## [Data supplied]

◆ ◆ ◆ ◆ ◆ ◆ ◆

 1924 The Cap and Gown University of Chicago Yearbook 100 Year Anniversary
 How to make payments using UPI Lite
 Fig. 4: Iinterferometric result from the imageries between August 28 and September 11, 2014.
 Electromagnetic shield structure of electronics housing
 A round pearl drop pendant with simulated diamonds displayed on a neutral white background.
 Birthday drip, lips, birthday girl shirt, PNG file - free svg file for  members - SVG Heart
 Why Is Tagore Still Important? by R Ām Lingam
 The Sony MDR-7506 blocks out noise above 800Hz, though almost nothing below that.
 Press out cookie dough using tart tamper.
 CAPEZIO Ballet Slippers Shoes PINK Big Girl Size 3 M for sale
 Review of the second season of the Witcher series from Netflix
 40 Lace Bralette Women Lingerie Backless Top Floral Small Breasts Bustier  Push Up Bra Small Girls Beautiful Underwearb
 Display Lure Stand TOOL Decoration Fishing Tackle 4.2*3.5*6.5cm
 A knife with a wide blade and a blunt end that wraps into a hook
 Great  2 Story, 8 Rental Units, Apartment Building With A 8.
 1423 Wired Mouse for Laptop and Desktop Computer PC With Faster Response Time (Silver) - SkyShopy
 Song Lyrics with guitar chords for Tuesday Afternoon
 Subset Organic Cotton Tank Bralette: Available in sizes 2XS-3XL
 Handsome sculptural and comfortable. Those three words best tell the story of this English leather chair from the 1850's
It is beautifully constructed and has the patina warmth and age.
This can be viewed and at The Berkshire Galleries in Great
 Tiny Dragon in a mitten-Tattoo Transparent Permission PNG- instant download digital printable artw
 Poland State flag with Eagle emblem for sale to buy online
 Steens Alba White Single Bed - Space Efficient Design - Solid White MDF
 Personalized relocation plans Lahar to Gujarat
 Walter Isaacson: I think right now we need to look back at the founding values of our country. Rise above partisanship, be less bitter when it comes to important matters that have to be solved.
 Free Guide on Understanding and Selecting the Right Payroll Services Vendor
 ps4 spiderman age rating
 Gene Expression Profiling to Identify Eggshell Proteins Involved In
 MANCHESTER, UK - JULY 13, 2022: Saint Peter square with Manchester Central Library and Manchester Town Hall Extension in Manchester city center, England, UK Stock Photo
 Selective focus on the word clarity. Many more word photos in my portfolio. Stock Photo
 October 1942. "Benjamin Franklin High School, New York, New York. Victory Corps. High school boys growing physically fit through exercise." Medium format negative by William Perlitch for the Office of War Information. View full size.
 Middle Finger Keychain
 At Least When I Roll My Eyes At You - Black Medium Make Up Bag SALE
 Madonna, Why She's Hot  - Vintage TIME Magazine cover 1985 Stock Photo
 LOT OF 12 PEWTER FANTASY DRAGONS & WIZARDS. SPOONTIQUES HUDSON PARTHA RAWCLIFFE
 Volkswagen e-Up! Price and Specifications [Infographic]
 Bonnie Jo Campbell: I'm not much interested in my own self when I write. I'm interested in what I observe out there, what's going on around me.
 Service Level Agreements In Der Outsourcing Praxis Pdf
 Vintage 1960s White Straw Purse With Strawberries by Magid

◆ ◆ ◆ ◆ ◆ ◆ ◆

## [Task prompt]
Every entry must be duplicated exactly as it was written.

## [Answer box]
 1924 The Cap and Gown University of Chicago Yearbook 100 Year Anniversary
 How to make payments using UPI Lite
 Fig. 4: Iinterferometric result from the imageries between August 28 and September 11, 2014.
 Electromagnetic shield structure of electronics housing
 A round pearl drop pendant with simulated diamonds displayed on a neutral white background.
 Birthday drip, lips, birthday girl shirt, PNG file - free svg file for  members - SVG Heart
 Why Is Tagore Still Important? by R Ām Lingam
 The Sony MDR-7506 blocks out noise above 800Hz, though almost nothing below that.
 Press out cookie dough using tart tamper.
 CAPEZIO Ballet Slippers Shoes PINK Big Girl Size 3 M for sale
 Review of the second season of the Witcher series from Netflix
 40 Lace Bralette Women Lingerie Backless Top Floral Small Breasts Bustier  Push Up Bra Small Girls Beautiful Underwearb
 Display Lure Stand TOOL Decoration Fishing Tackle 4.2*3.5*6.5cm
 A knife with a wide blade and a blunt end that wraps into a hook
 Great  2 Story, 8 Rental Units, Apartment Building With A 8.
 1423 Wired Mouse for Laptop and Desktop Computer PC With Faster Response Time (Silver) - SkyShopy
 Song Lyrics with guitar chords for Tuesday Afternoon
 Subset Organic Cotton Tank Bralette: Available in sizes 2XS-3XL
 Handsome sculptural and comfortable. Those three words best tell the story of this English leather chair from the 1850's
It is beautifully constructed and has the patina warmth and age.
This can be viewed and at The Berkshire Galleries in Great
 Tiny Dragon in a mitten-Tattoo Transparent Permission PNG- instant download digital printable artw
 Poland State flag with Eagle emblem for sale to buy online
 Steens Alba White Single Bed - Space Efficient Design - Solid White MDF
 Personalized relocation plans Lahar to Gujarat
 Walter Isaacson: I think right now we need to look back at the founding values of our country. Rise above partisanship, be less bitter when it comes to important matters that have to be solved.
 Free Guide on Understanding and Selecting the Right Payroll Services Vendor
 ps4 spiderman age rating
 Gene Expression Profiling to Identify Eggshell Proteins Involved In
 MANCHESTER, UK - JULY 13, 2022: Saint Peter square with Manchester Central Library and Manchester Town Hall Extension in Manchester city center, England, UK Stock Photo
 Selective focus on the word clarity. Many more word photos in my portfolio. Stock Photo
 October 1942. "Benjamin Franklin High School, New York, New York. Victory Corps. High school boys growing physically fit through exercise." Medium format negative by William Perlitch for the Office of War Information. View full size.
 Middle Finger Keychain
 At Least When I Roll My Eyes At You - Black Medium Make Up Bag SALE
 Madonna, Why She's Hot  - Vintage TIME Magazine cover 1985 Stock Photo
 LOT OF 12 PEWTER FANTASY DRAGONS & WIZARDS. SPOONTIQUES HUDSON PARTHA RAWCLIFFE
 Volkswagen e-Up! Price and Specifications [Infographic]
 Bonnie Jo Campbell: I'm not much interested in my own self when I write. I'm interested in what I observe out there, what's going on around me.
 Service Level Agreements In Der Outsourcing Praxis Pdf
 Vintage 1960s White Straw Purse With Strawberries by Magid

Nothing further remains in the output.